# [WHAT THE TASK ASKS]
Starting with the line where "HTX Nông nghiệp" appears, print every line through the end of the entries below exactly as it stands, and leave out the pictures.

━━━━━━━━━━━━━━━━━━━━━━━━━━━━━━

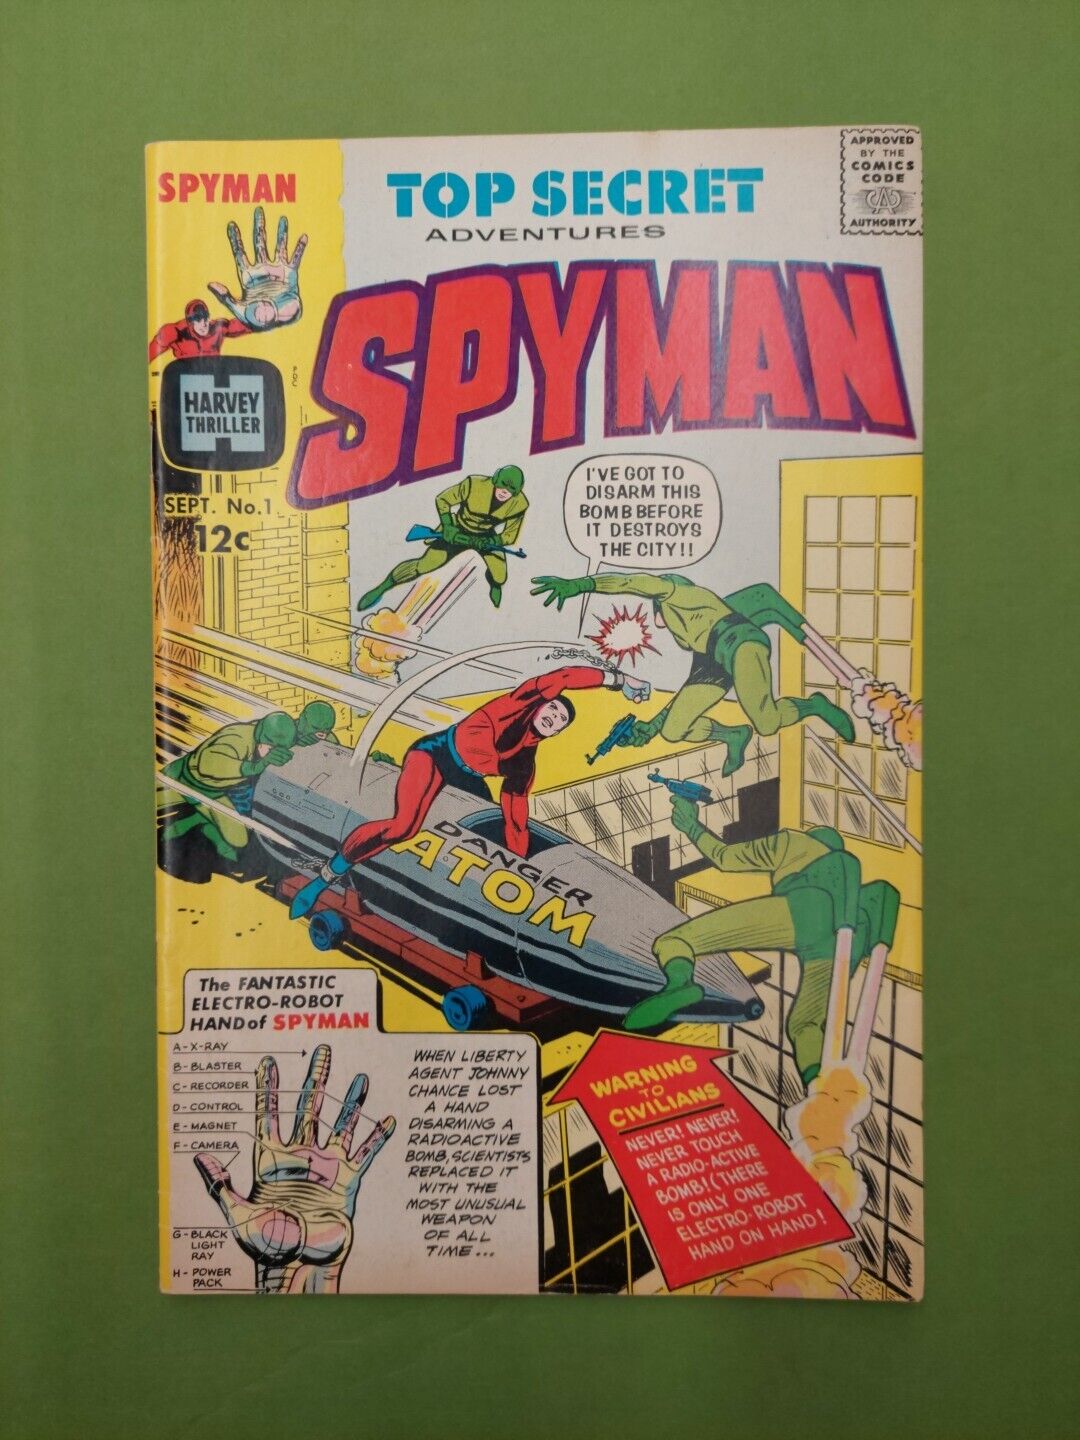 Top Secret Adventures Spyman #1  1966   1st Steranko art/early Neal Adams  (F427
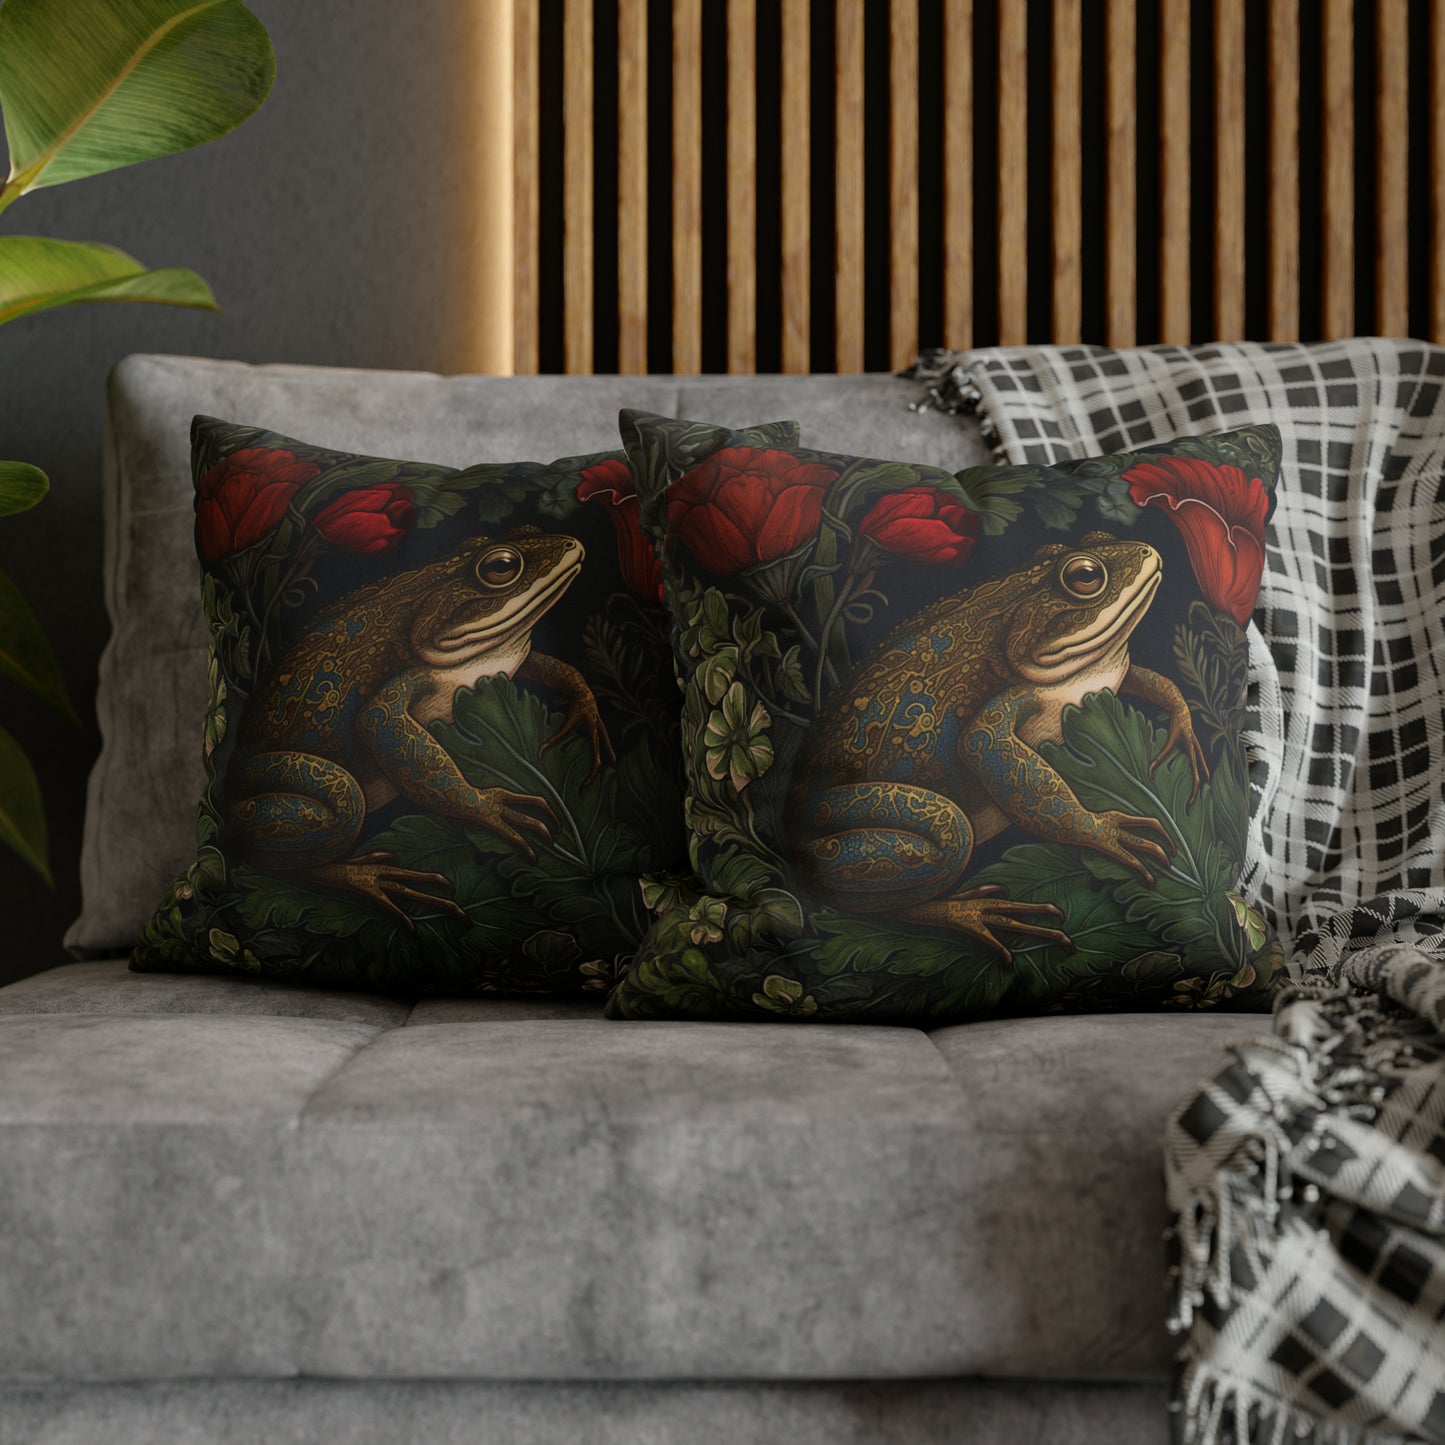 Frog in Garden Pillow William Morris Inspired
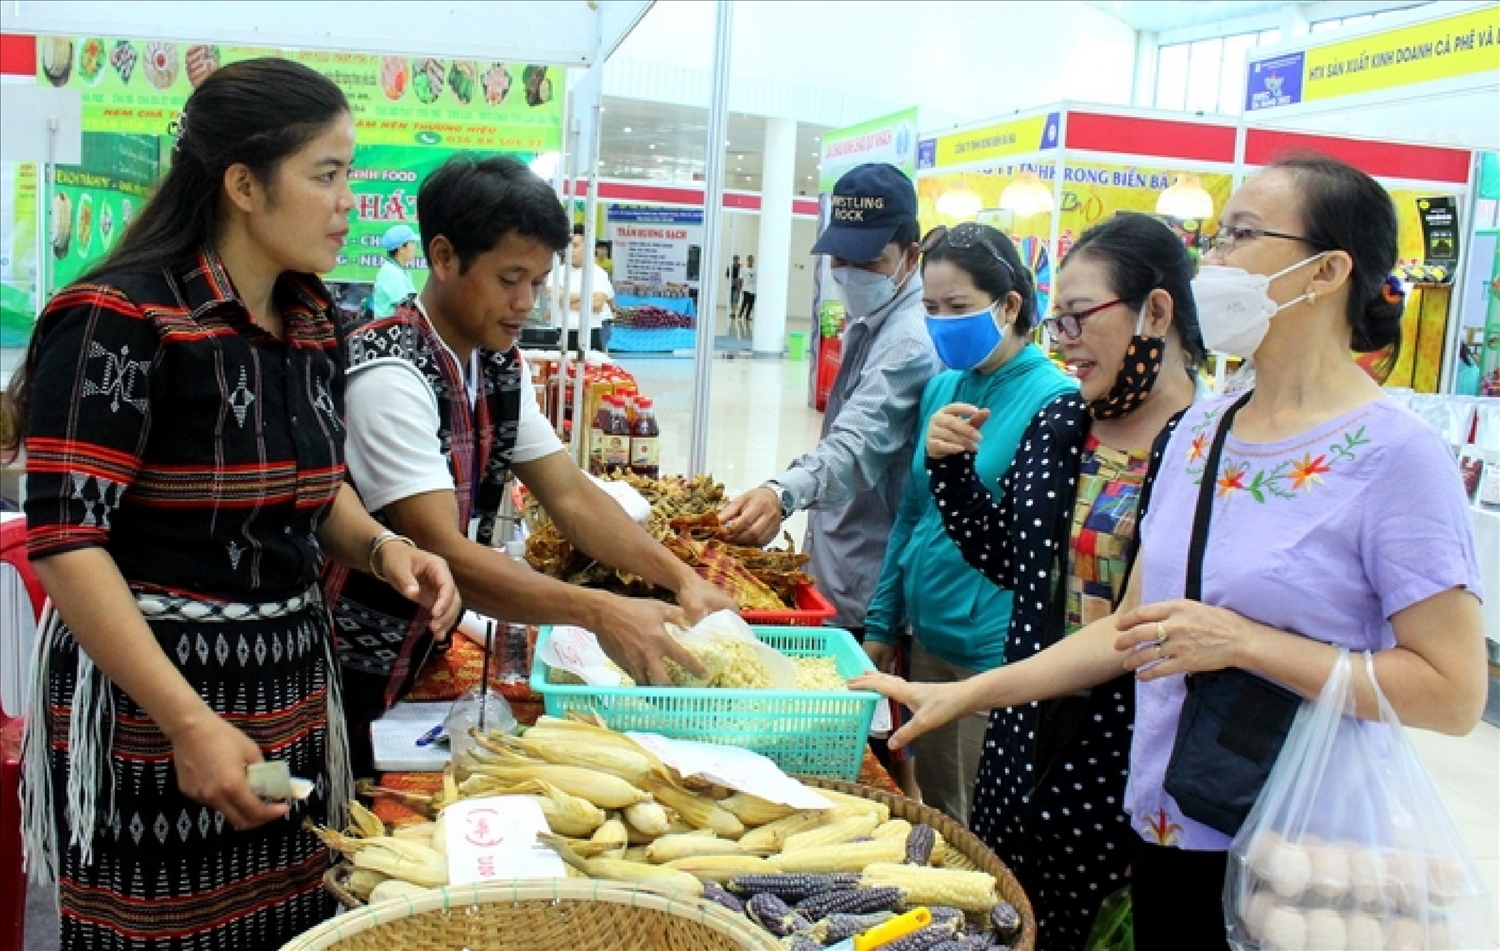 HTX Nông nghiệp sinh thái Rừng Xanh Rau Sạch tham gia Hội chợ, giới thiệu sản phẩm nôgn sản sạch cho khách hàng
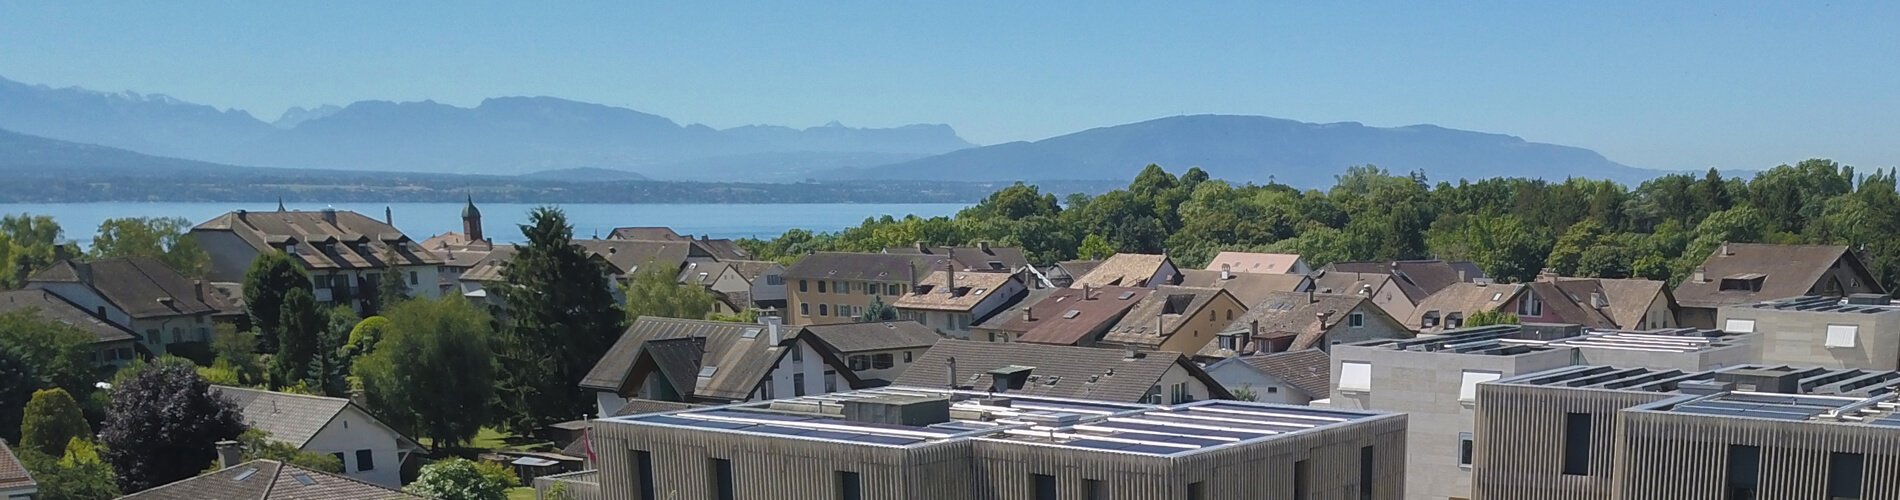 Ecole Montessori en Suisse - Nyon (VD)
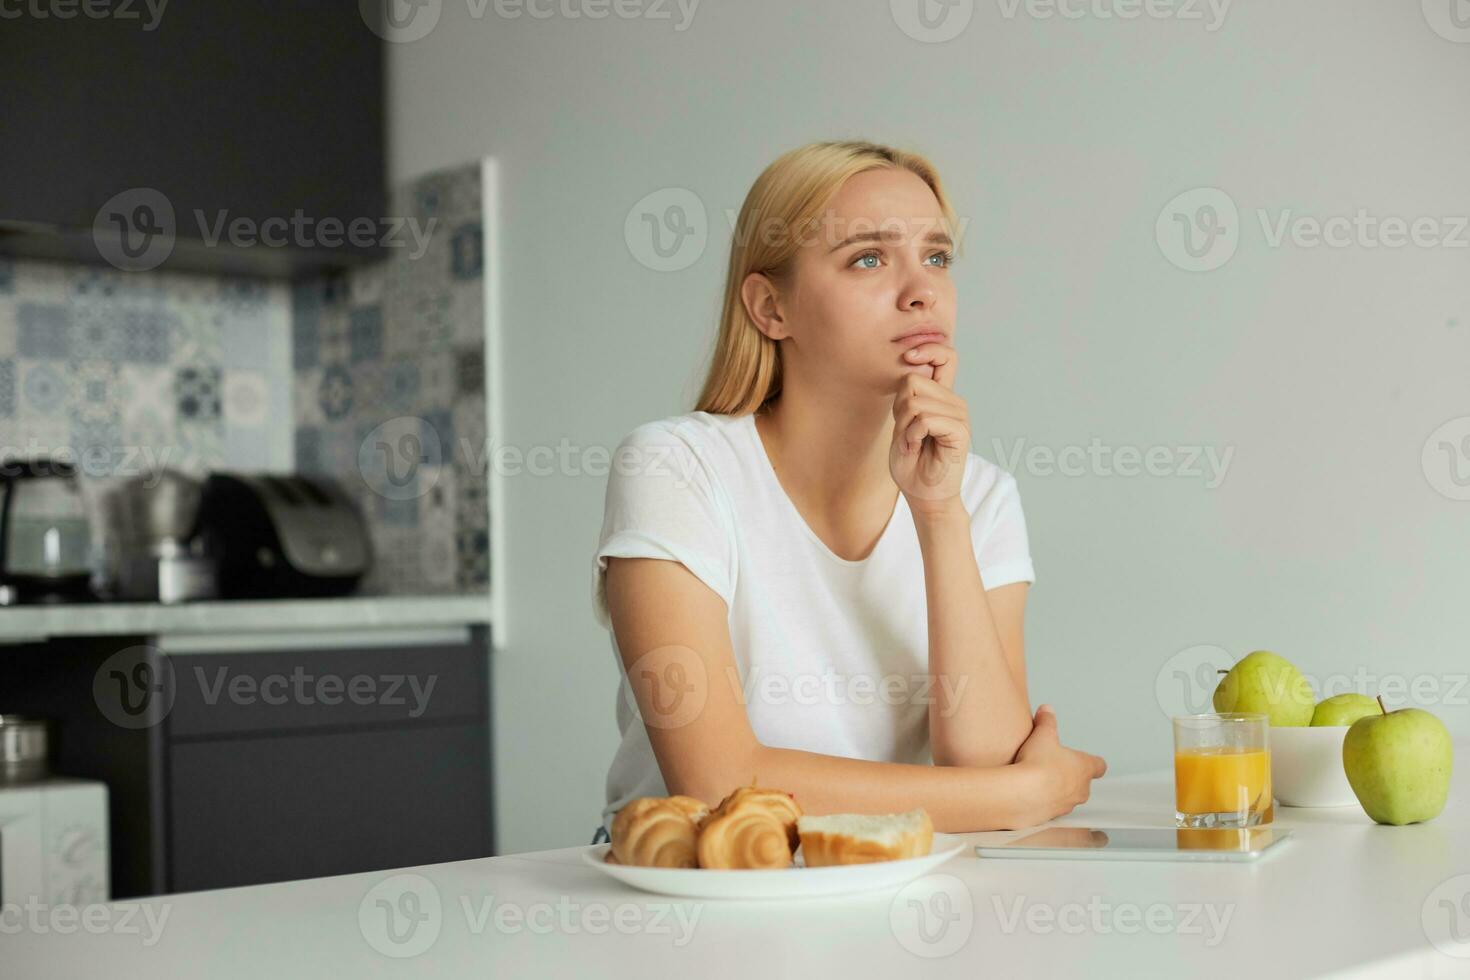 een jong blond meisje zit Bij de keuken tafel, verdrietig, looks bedachtzaam naar de venster kant, Aan de tafel -a glas van sap, tablet, appels, broodjes, gekleed in een huiselijk wit t-shirt, keuken achtergrond foto

━━━━━━━━━━━━━━━━━━━━━━━━━━━━━━

# [RESULT OF THE EXERCISE]
 HTX Nông nghiệp sinh thái Rừng Xanh Rau Sạch tham gia Hội chợ, giới thiệu sản phẩm nôgn sản sạch cho khách hàng
 Ecole Montessori en Suisse - Nyon (VD)
 een jong blond meisje zit Bij de keuken tafel, verdrietig, looks bedachtzaam naar de venster kant, Aan de tafel -a glas van sap, tablet, appels, broodjes, gekleed in een huiselijk wit t-shirt, keuken achtergrond foto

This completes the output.